### Work task
Reproduce the data below word for word, setting aside any picture it holds.

### Source material
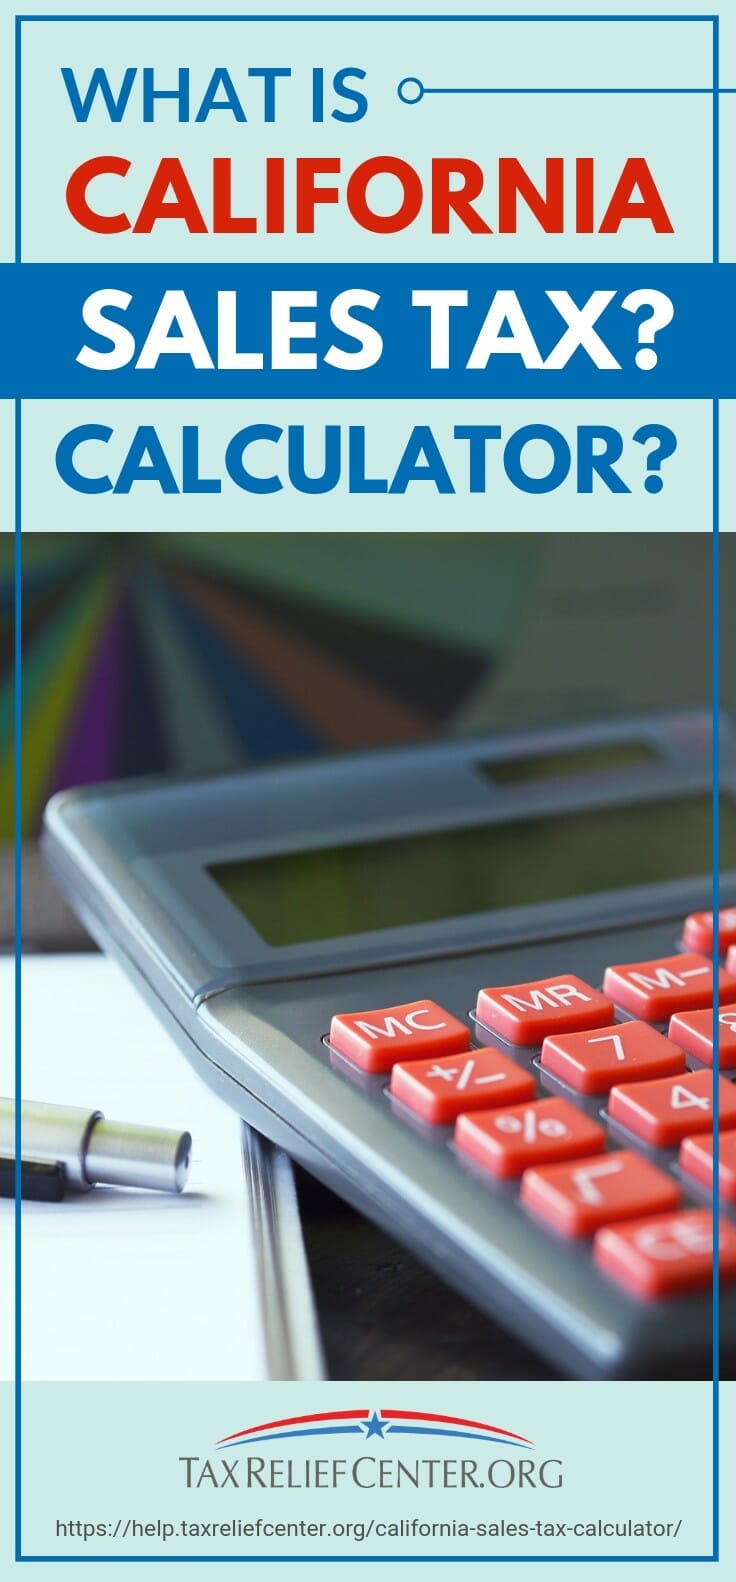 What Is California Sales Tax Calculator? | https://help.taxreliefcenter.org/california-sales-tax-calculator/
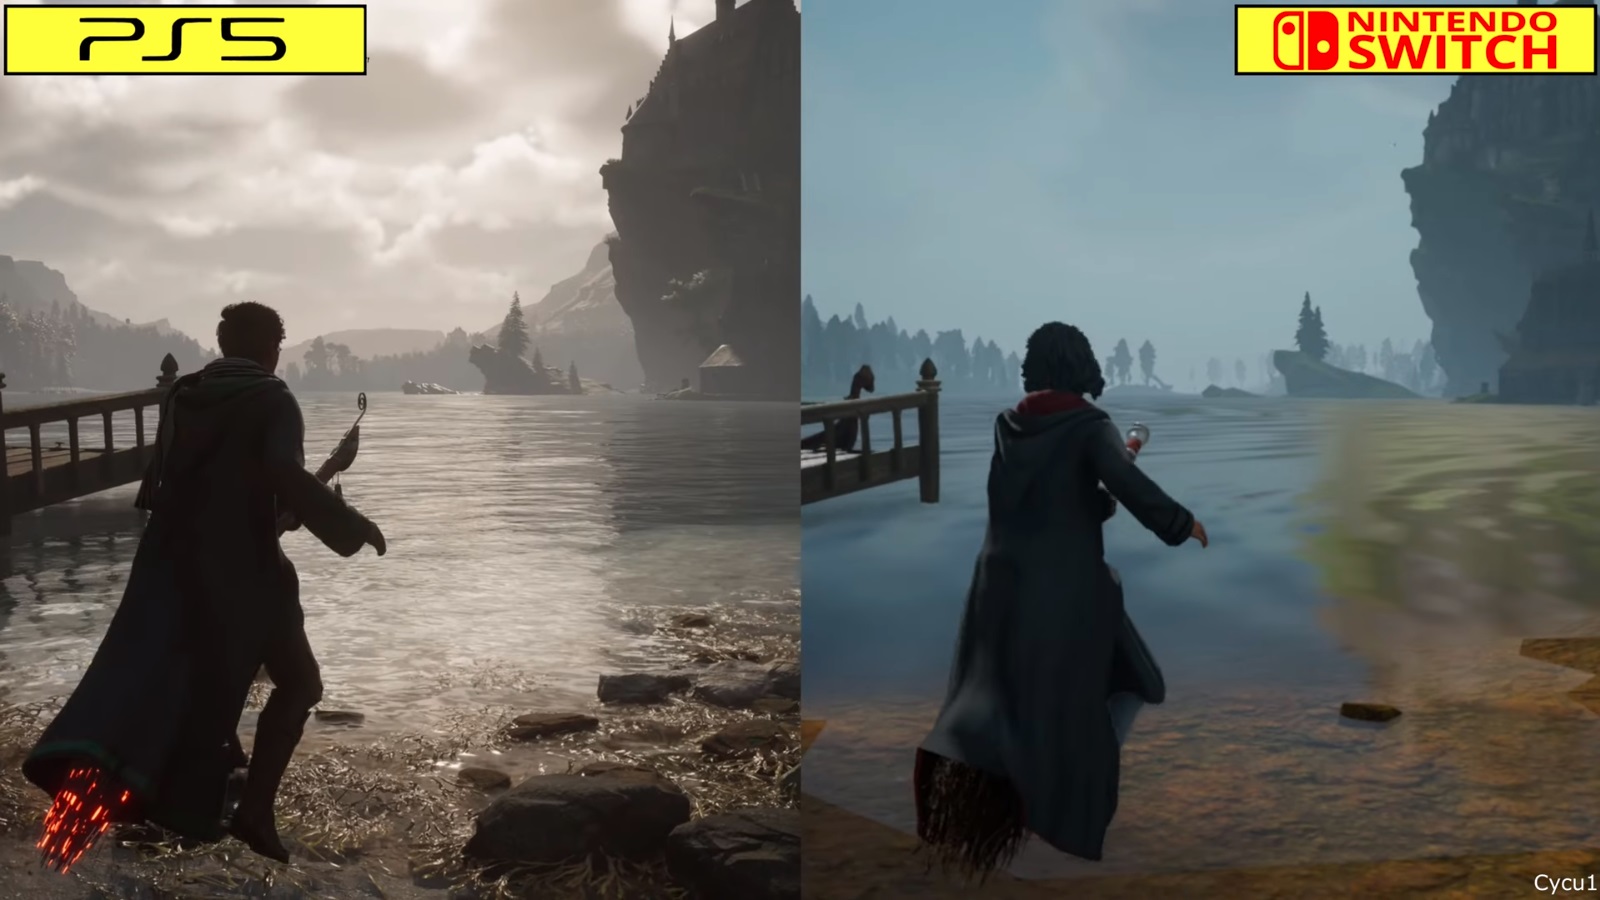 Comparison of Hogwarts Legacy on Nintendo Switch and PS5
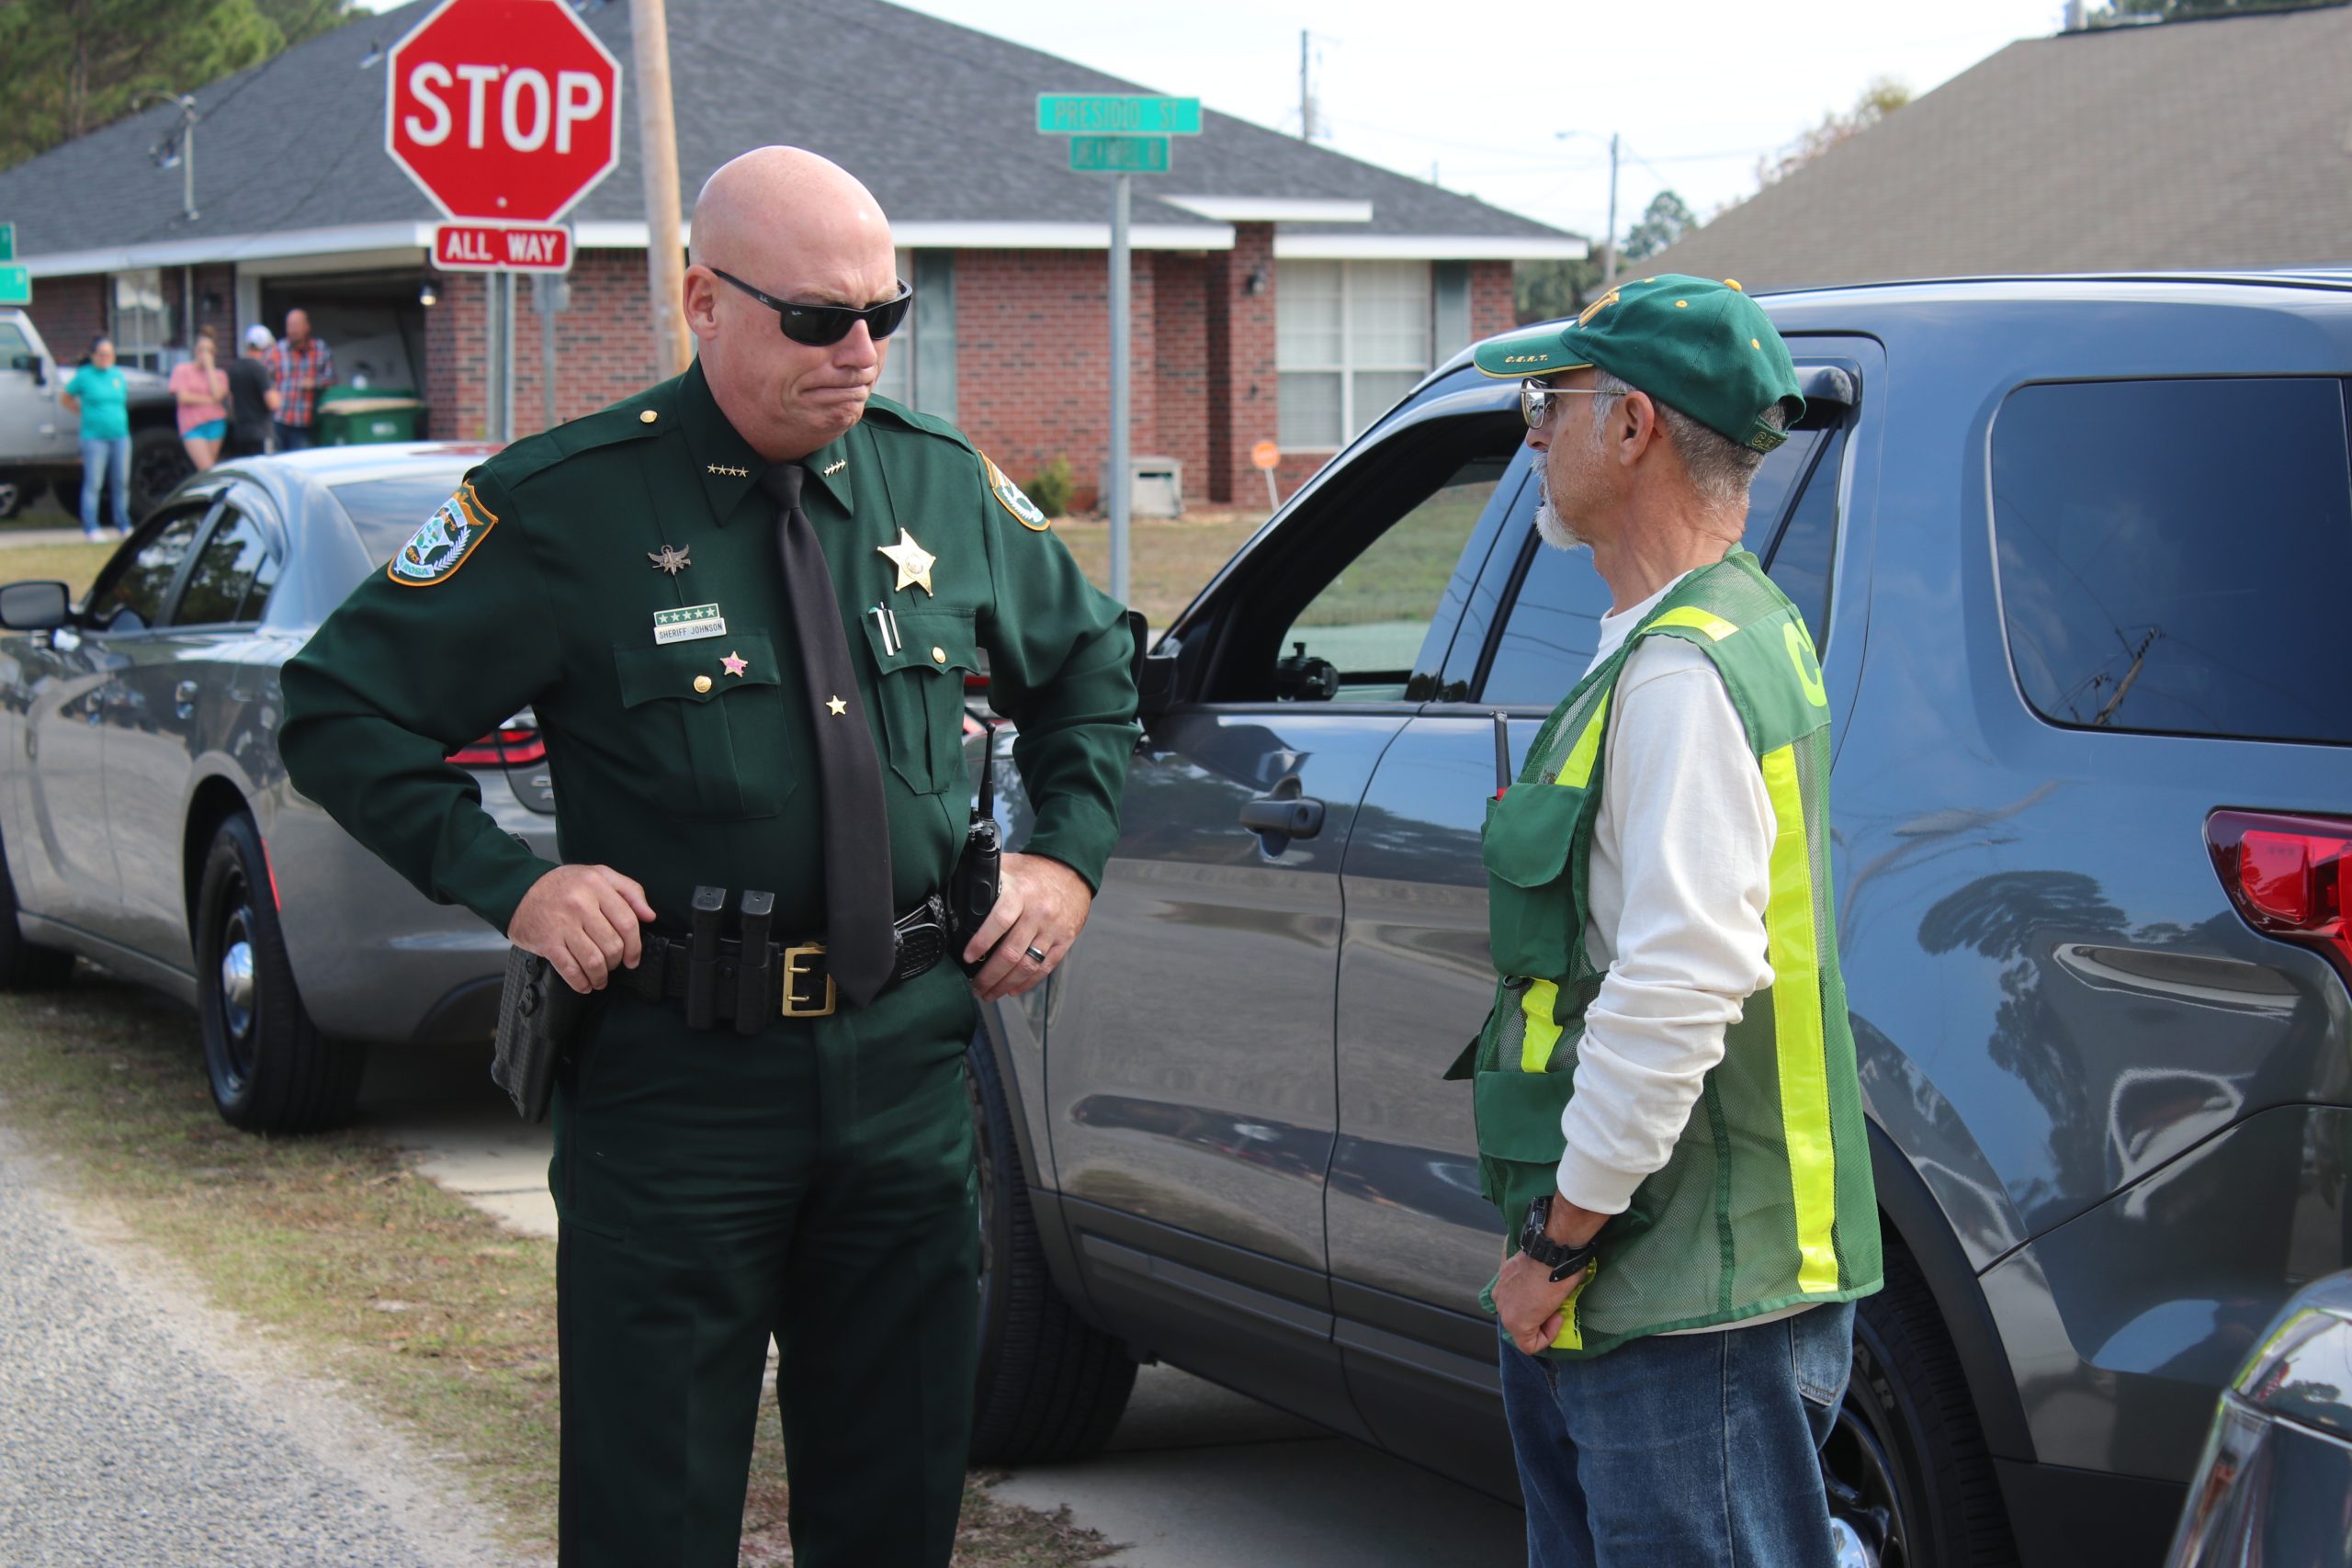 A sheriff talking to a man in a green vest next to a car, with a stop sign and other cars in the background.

### Solved exercise
 What Is California Sales Tax Calculator? | https://help.taxreliefcenter.org/california-sales-tax-calculator/
 Comparison of Hogwarts Legacy on Nintendo Switch and PS5
 A sheriff talking to a man in a green vest next to a car, with a stop sign and other cars in the background.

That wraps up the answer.